Ma la politica monetaria centra qualcosa? Qui scendono in campo due visioni, che oggi sono in Europa particolarmente attive nel valutare positivamente – le colombe – o negativamente – i falchi – l’operato della Banca centrale europea, che ha messo in campo dal 2008 in avanti, ma in particolare a partire dal 2014 una politica monetaria particolarmente aggressiva, schiacciando i tassi nominali e reali prima verso lo zero, poi in territorio negativo.

Le colombe danno un giudizio positivo della strategia della Bce partendo dall’idea che la politica monetaria può dare un contributo indiretto alla crescita della produttività, che in una fase recessiva si traduce in una politica monetaria molto espansiva. L’idea di fondo è che la dinamica di medio periodo delle variabili reali – produttività inclusa – possa essere sostenuta dalla politica monetaria se la banca centrale si concentra prevalentemente sulla stabilizzazione dell’inflazione. La stabilizzazione dell’inflazione – che è l’obiettivo della Bce – a sua volta deve essere perseguito con una politica monetaria espansiva finché non ci sia una robusta evidenza che sia i prezzi che le aspettative sui prezzi siano su un sentiero stabile ed sostenibile, senza la stampella della politica monetaria e che valga per tutto il perimetro dell’Unione. È un approccio che caratterizza tutte le azioni e dichiarazioni della Bce, inclusi gli ultimi verbali appena pubblicati.

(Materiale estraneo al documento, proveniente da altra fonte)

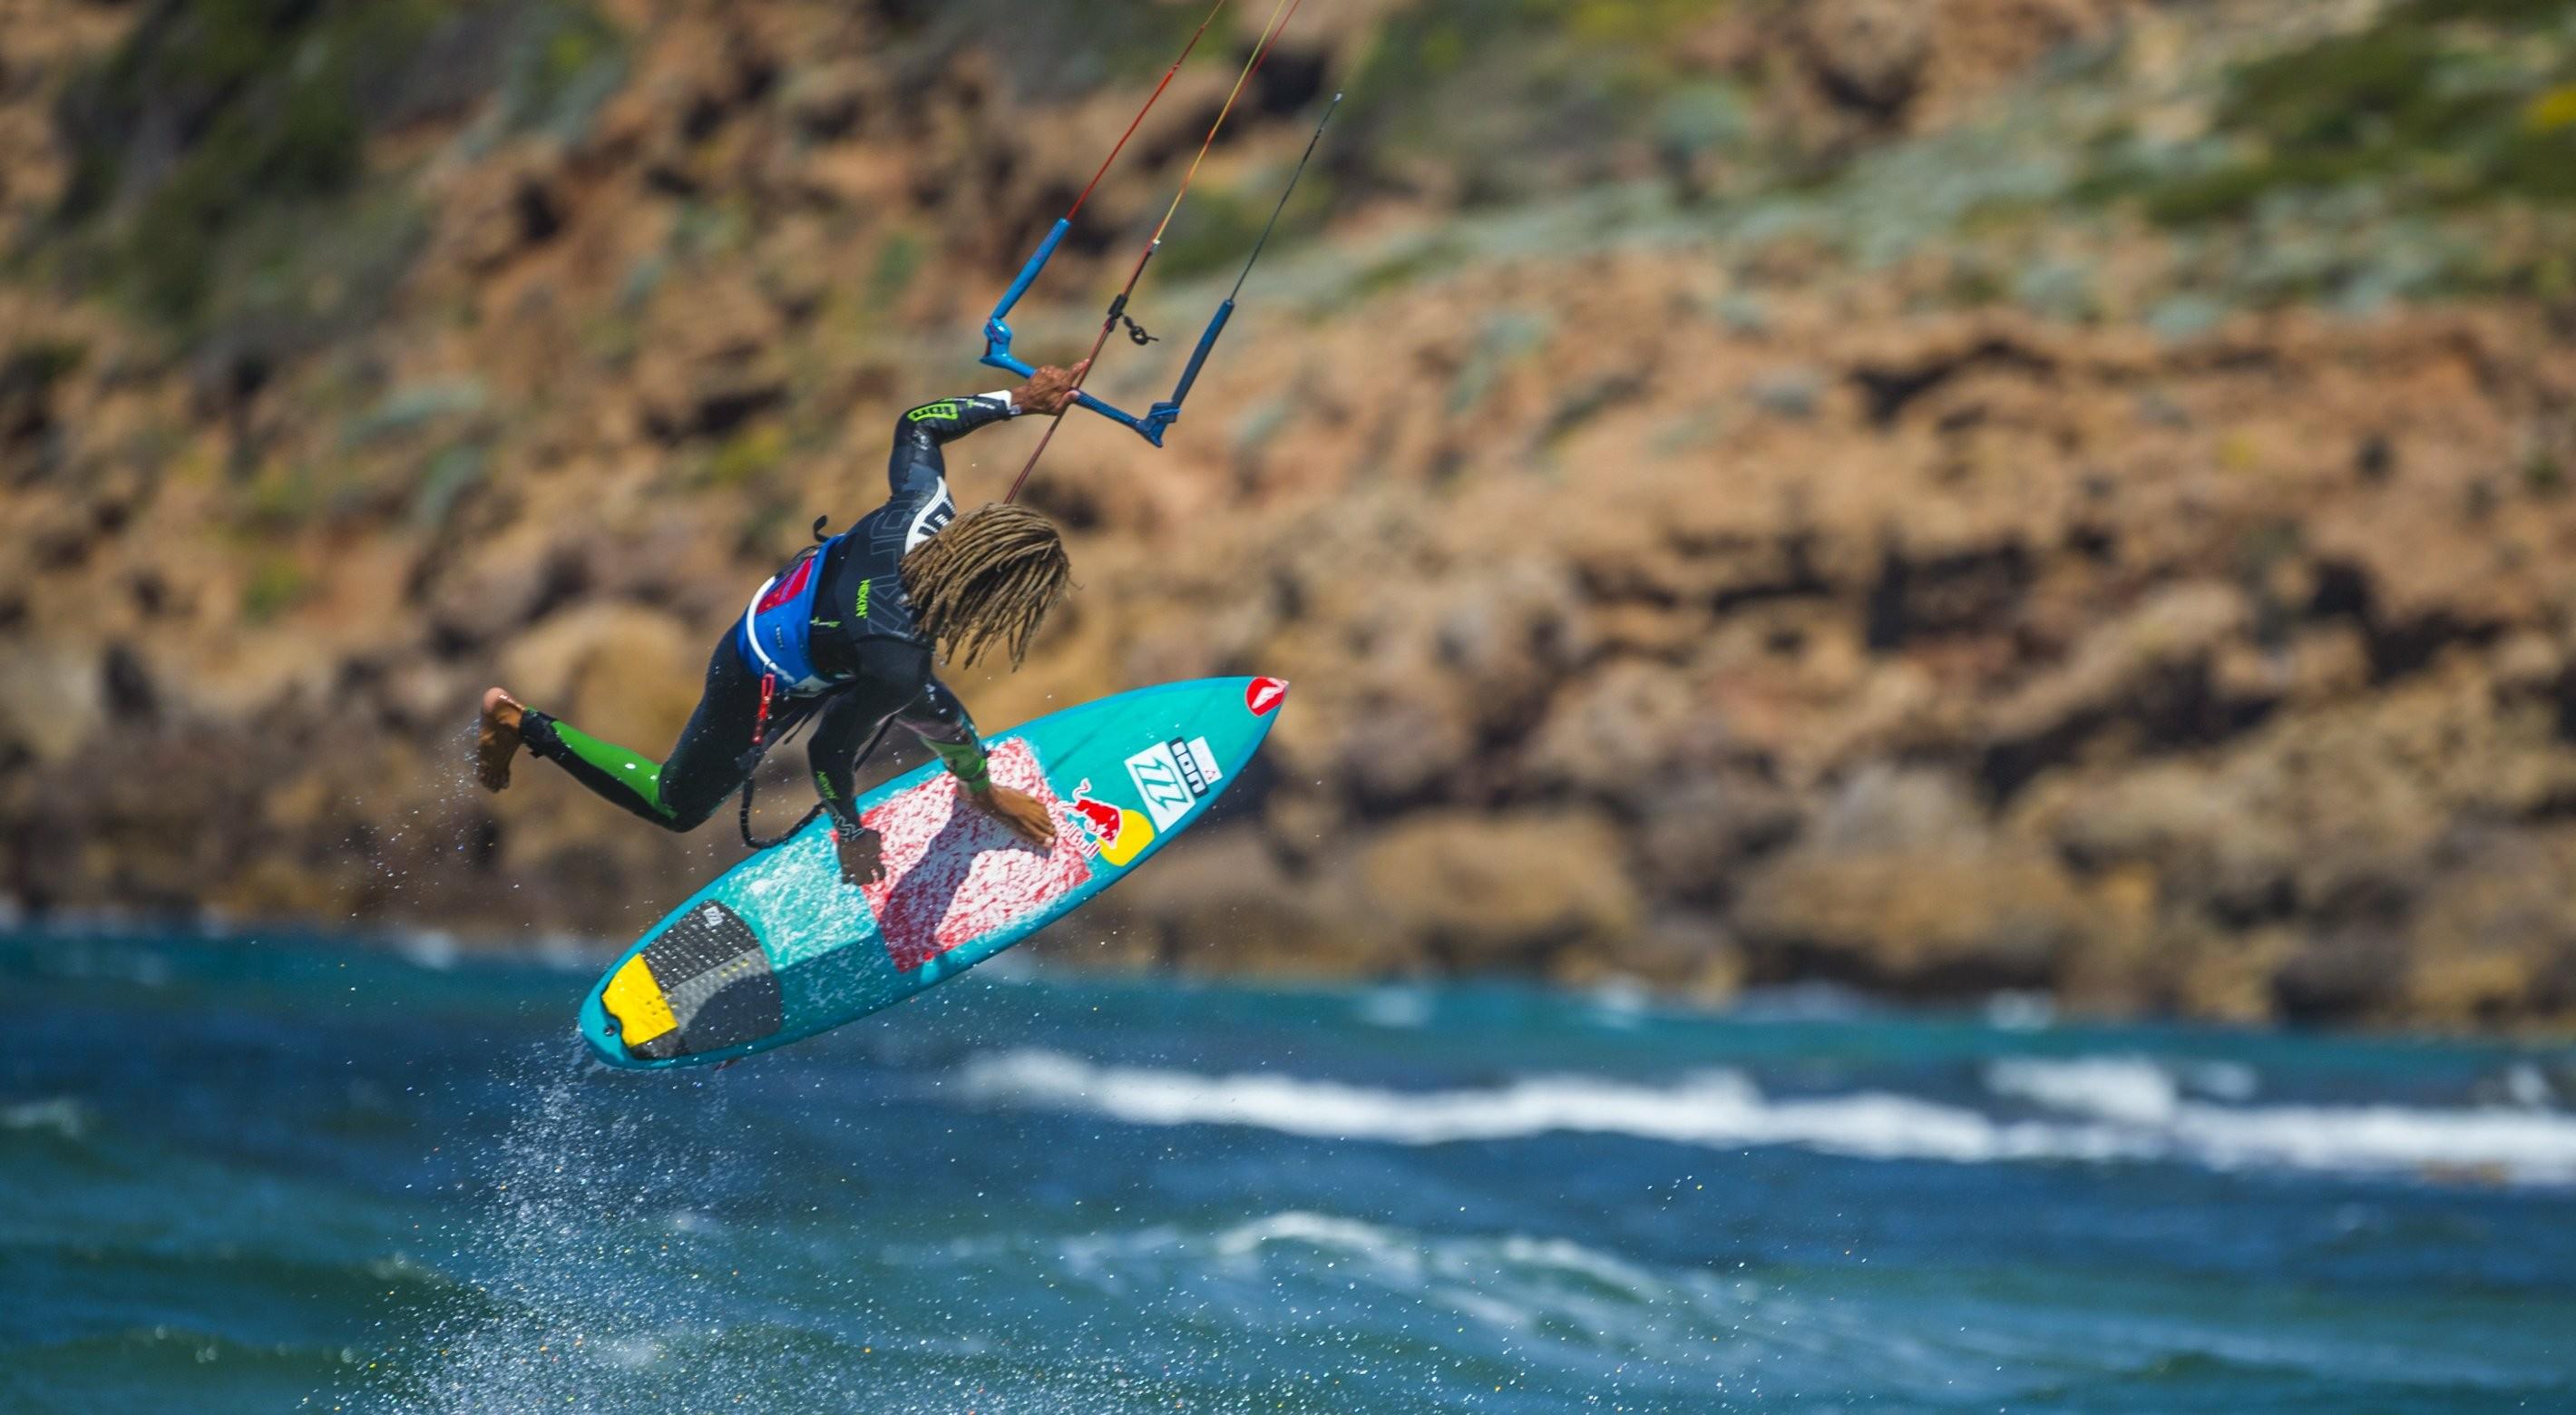 Strapless kitesurf au Red Bull Unfastened 2014

Ma ai falchi la strategia scelta dalla Bce non piace. La tesi è che una politica monetaria troppo espansiva ha un effetto diretto e negativo sulle variabili reali, inclusa la produttività. Per almeno due diverse ragioni. Da un lato, la catena che parte dal presunto eccesso di politica monetaria alla anemia della produttività ha il suo anello cruciale nel meccanismo delle aspettative. Finché una banca centrale – è questo il ragionamento – continua ad accompagnare, invece che anticipare ed annunziare, il ritorno ad un profilo normale delle variabili reali e nominali, la scintilla che si accende nelle famiglie e nelle imprese che spinge a spendere e/o ad investire continua ad essere flebile. In altri termini, la politica monetaria troppo espansiva intacca direttamente la capacità di crescita dell’economia.

Da un altro punto di vista – ed in parallelo – l’eccesso di politica monetaria produce ed accentua distorsioni nella parte finanziaria dell’economia. In particolare, avendo fiducia nelle capacità del mercato, finché la struttura dei tassi non viene riportata alla normalità, i comportamenti inefficienti di imprese, banche e governi trovano acque facili in cui navigare, rendendo più resilienti le sacche di inefficienza, e quindi contribuendo ai deficit di produttività. Alla luce dei dati esistenti, la tesi dei falchi è temeraria, o quantomeno acerba. In ogni caso, al di là della sua robustezza, accoglierla significherebbe comunque una assunzione di rischio. Una accelerazione della normalizzazione – se basata su tali presupposti - sarebbe un atto rischioso. I banchieri centrali, anche per la natura del loro compito, tendono ad essere avversi al rischio. Quelli di Francoforte non faranno eccezione.